**Task brief:** For this exercise, an exact copy is needed of only the lines from the one containing "Blendax Yoğun Nemlendirme" through the end of the data, with pictures left out.

BEGIN Collected material

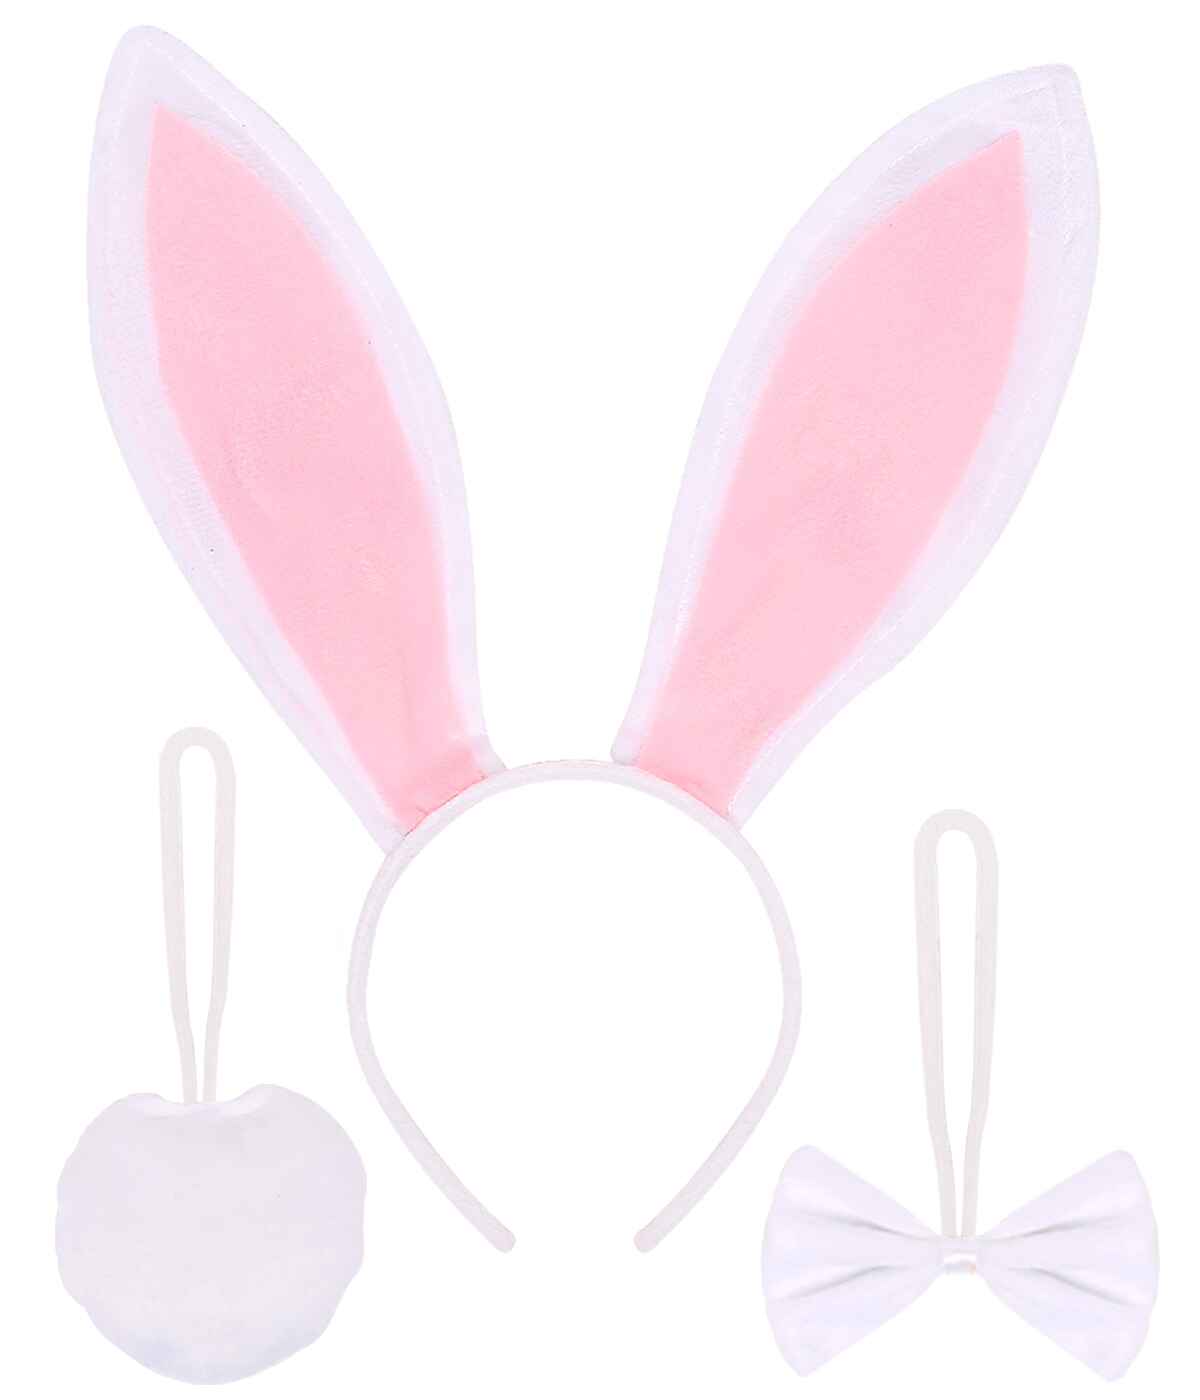 Funcredible Bunny Ears Headband Kit
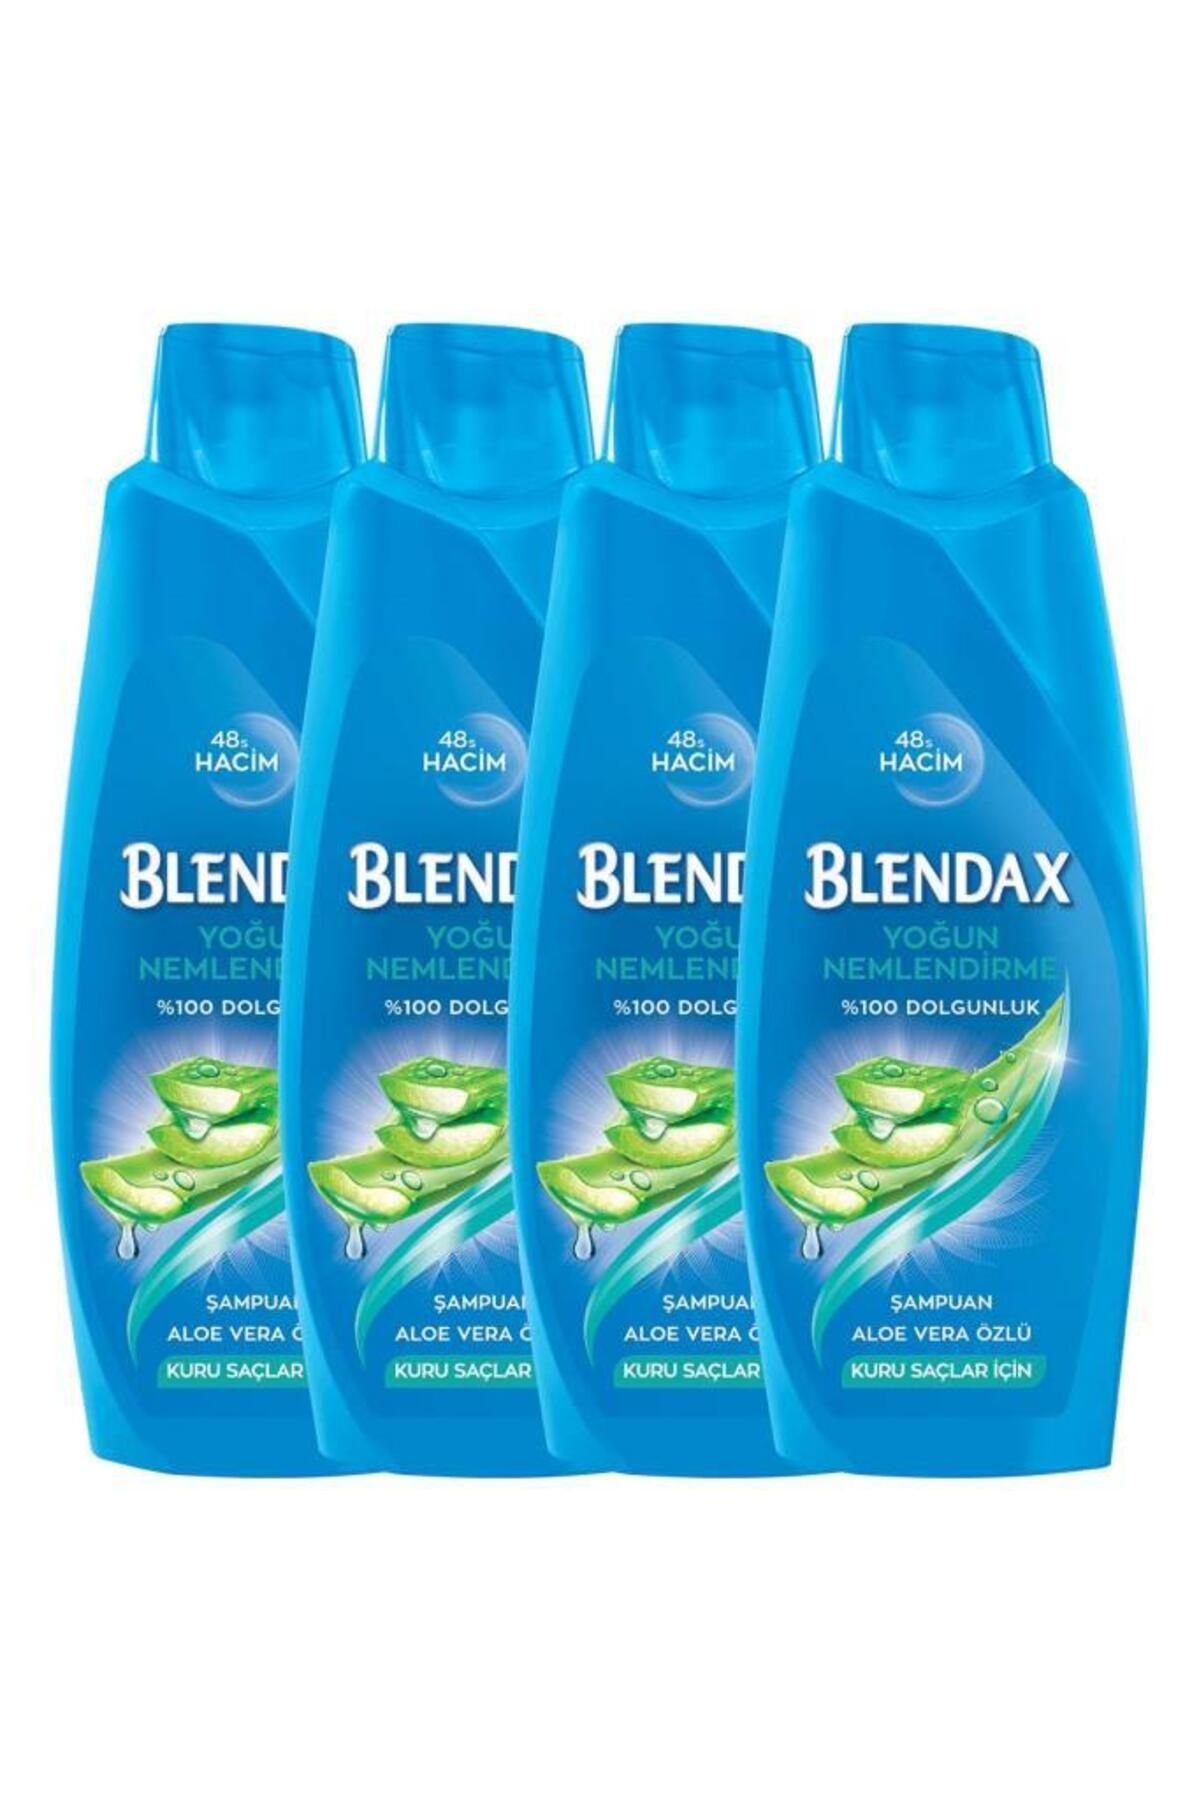 Blendax Yoğun Nemlendirme Aloe Vera Özlü Şampuan 500 ml X 4 Adet
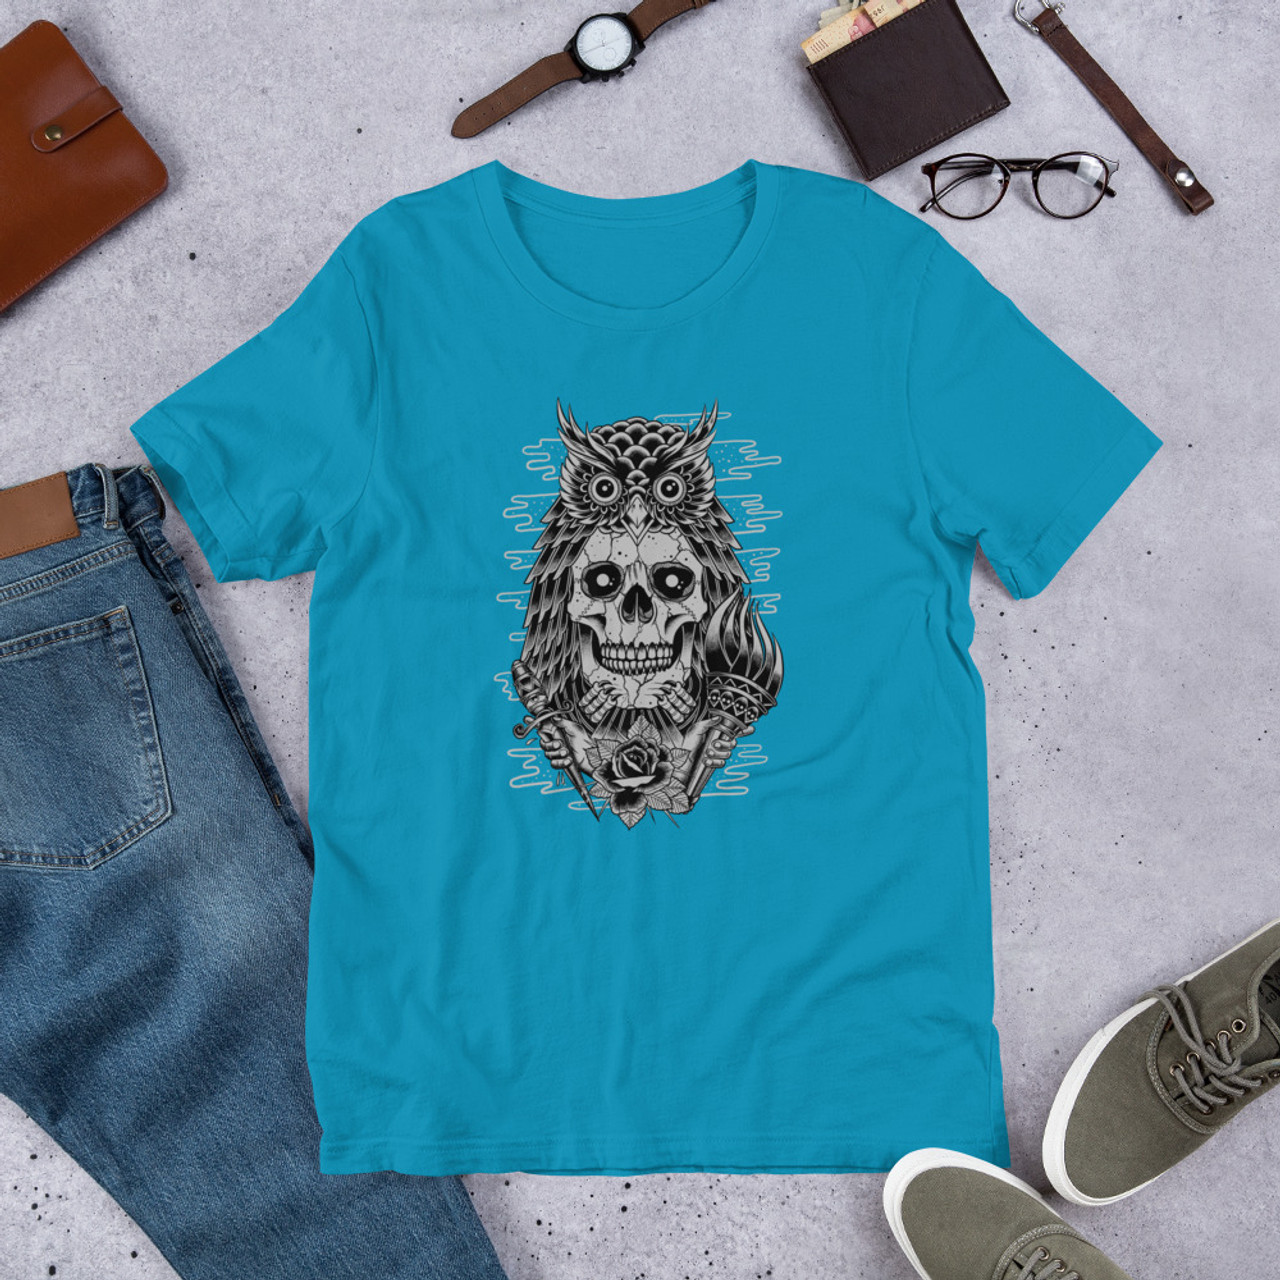 Aqua T-Shirt - Bella + Canvas 3001 Owl Skull

END Collected material

**Answer box:**
 Blendax Yoğun Nemlendirme Aloe Vera Özlü Şampuan 500 ml X 4 Adet
 Aqua T-Shirt - Bella + Canvas 3001 Owl Skull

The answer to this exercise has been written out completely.